Any action that writes outside the Nika OS system requires an explicit human validation before execution. The exhaustive list:

CategoryExamples
Outgoing communicationsMail (Gmail, Outlook), WhatsApp to an external contact, LinkedIn / public Teams post, SMS, fax
External DB writesPublic API POST / PUT / DELETE, modification of a client SharePoint folder, write into a third-party ERP / CRM
Financial commitmentsPayment, transfer, purchase, quote / contract signature
Code in productionDirect push to main, merge without review, deployment, modification of shared infra
Legal documentsSubmission of an official file (Greffe, DREETS, INPI, tax), signature of a deed
Personal dataCreation of a customer account, modification of an HR / medical file

This rule is etched in the kernel via a PreToolUse hook that:

  1. Intercepts each tool call before execution.
  2. Classifies the action (read / internal write / external write).
  3. If external write → blocks + requests validation from the human operator via the channel they configured (WhatsApp / Teams by default, admin console as backup).
  4. The operator validates or rejects. Without an answer within the configured delay (default 30 min) → action cancelled and traced as rejected.
  5. The rule cannot be disabled by GEPA, nor by a skill, nor by a pod. The hook is marked kernel_immutable: true in settings.json.

Strict exceptions

Only three cases are auto-validated:

  • Outgoing replies on a thread initiated by Paul (reply to a mail where Paul is explicitly in CC and has already authorized the draft).
  • Internal Nika OS updates (logs, metrics, RAG, JSONL, tenant-local configs).
  • Explicitly budgeted actions in the wizard with a maximum threshold (e.g. consumable purchase < 10 € via dedicated purchase API).

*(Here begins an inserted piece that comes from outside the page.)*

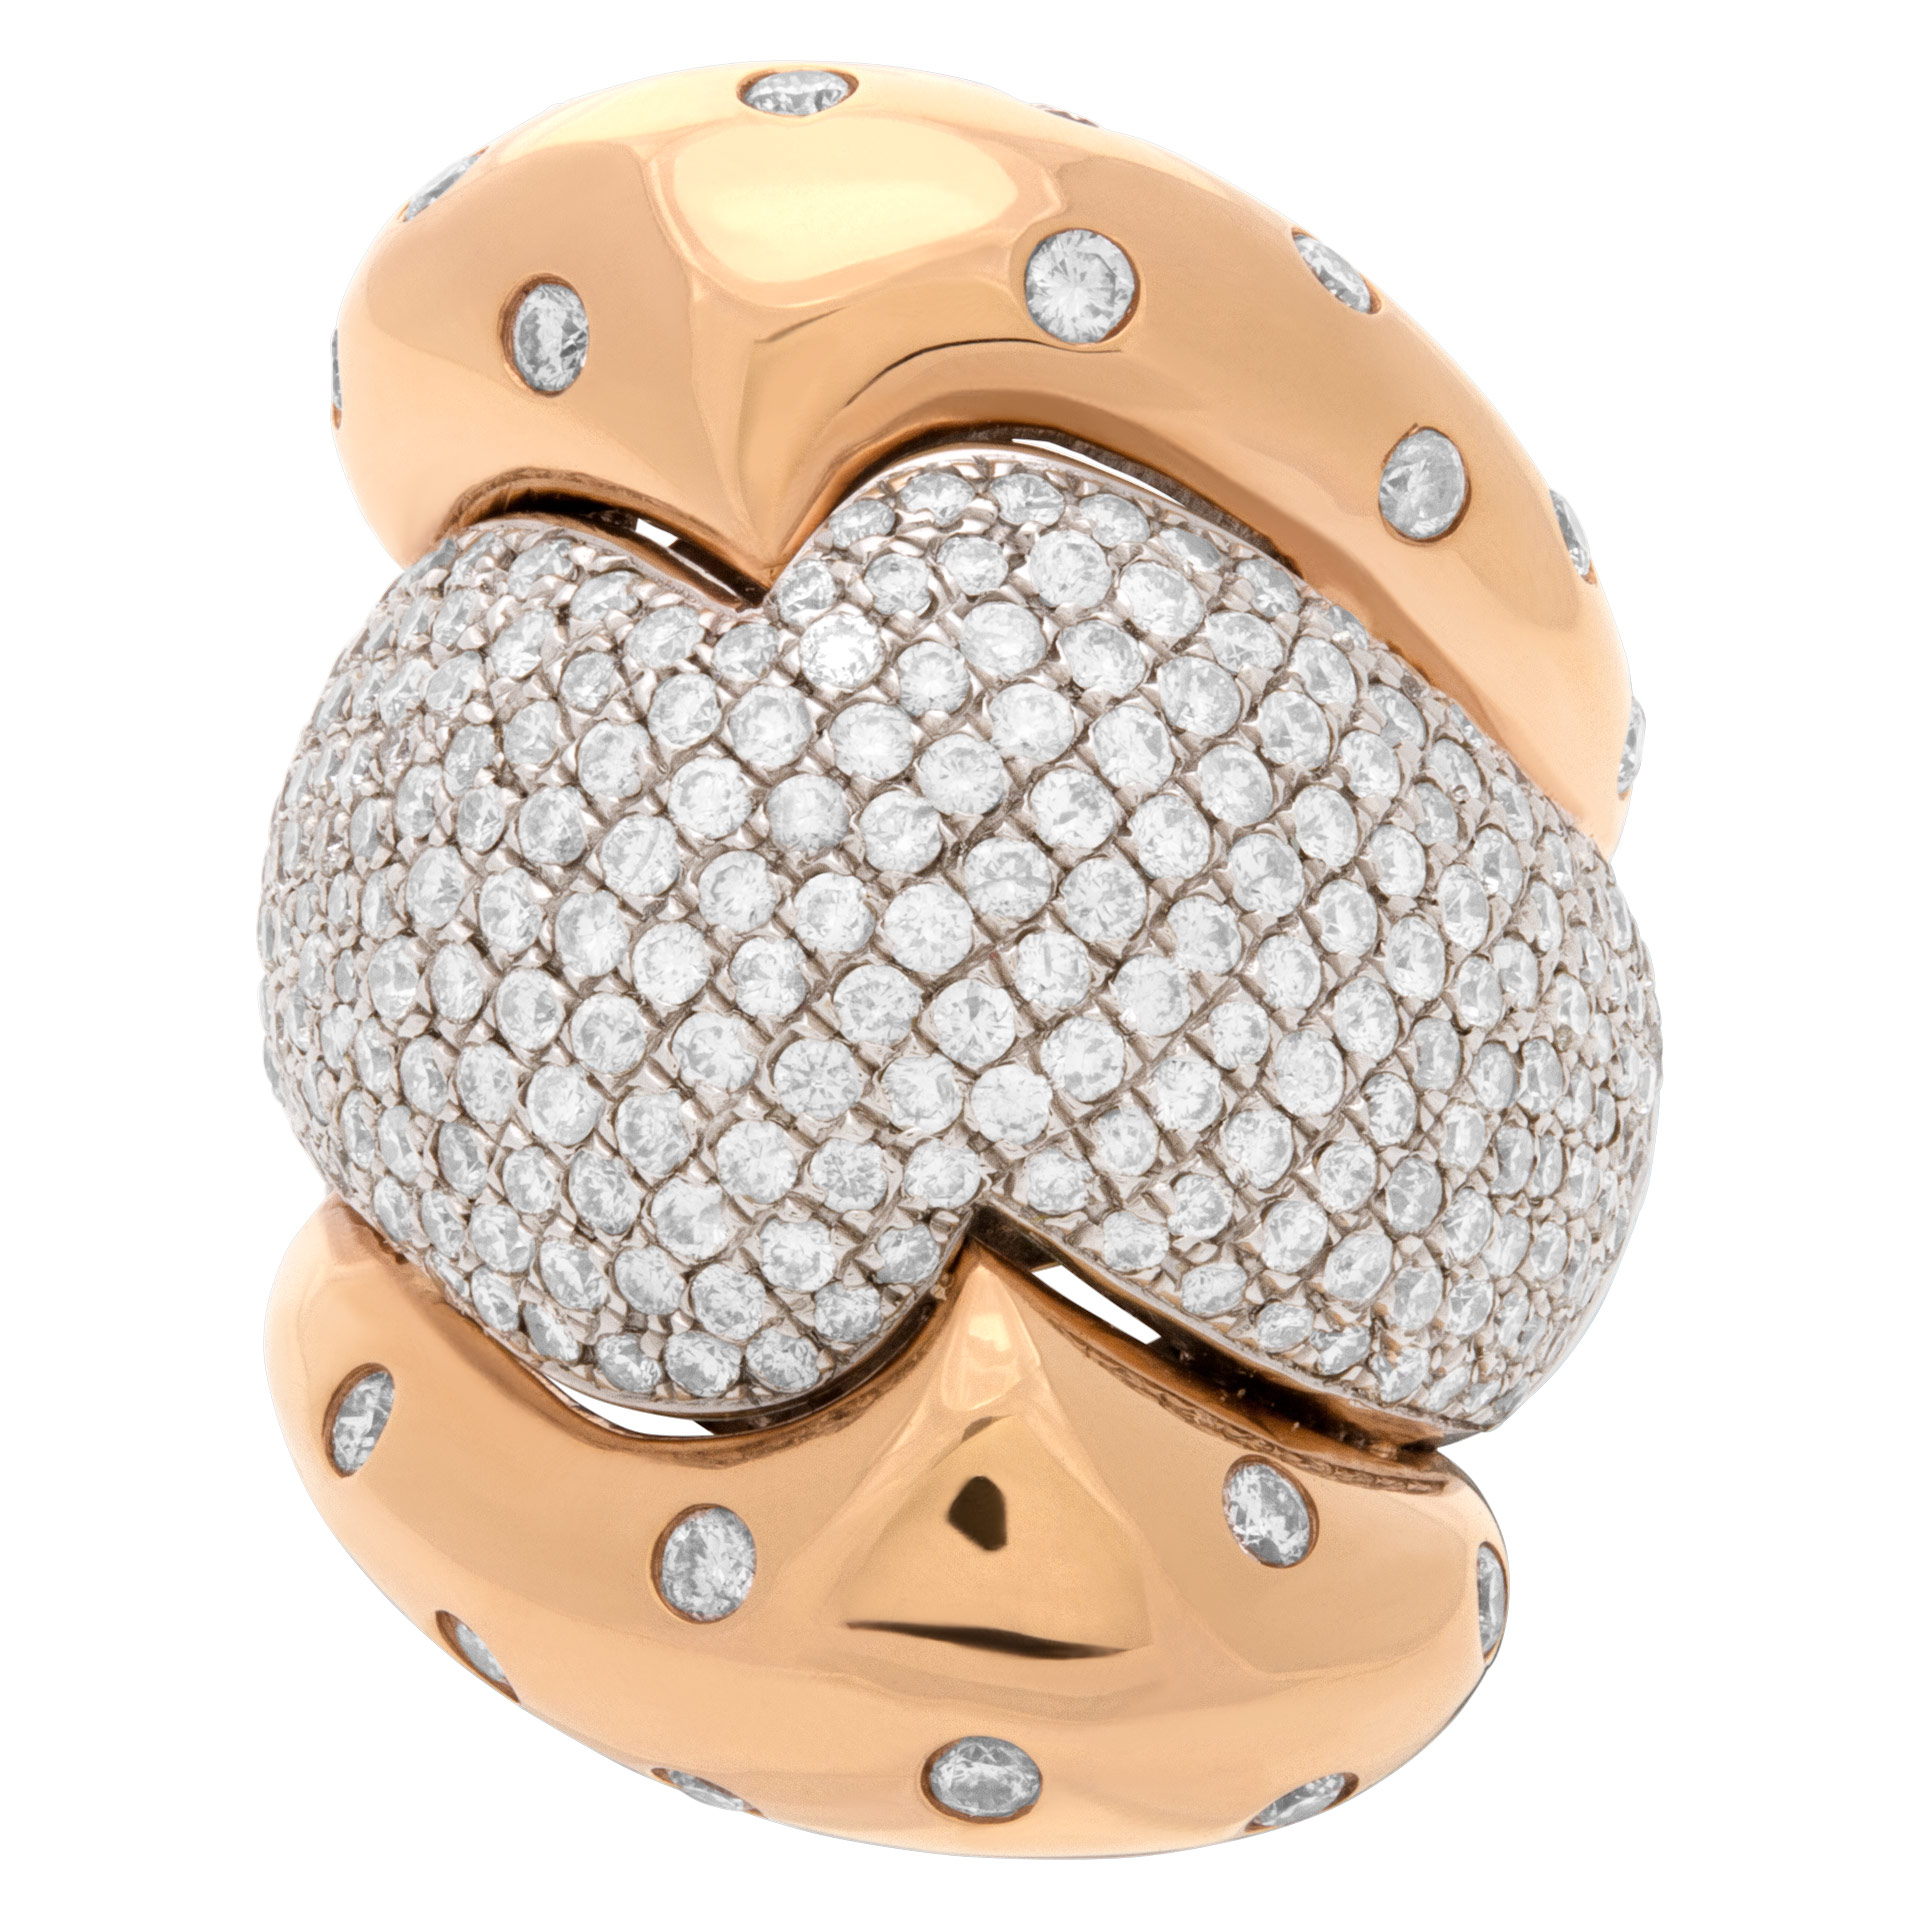 Puffed pave diamond ring in 18k white & yellow gold set with 3.04 carats. Size 7 image 1

Any other external write → mandatory human validation.

Why this doctrine

Autonomy without guardrails leads to incidents that cost infinitely more than the friction of a validation. The system can be wrong on a meeting summary (impact 0), but not on sending a badly worded mail to a customer (reputation, legal, commercial impact).

This doctrine is the operational expression of the dual-control principle historically applied to critical systems: automated decision + human validation = safe autonomy.

Without this doctrine, Nika OS would not be industrializable.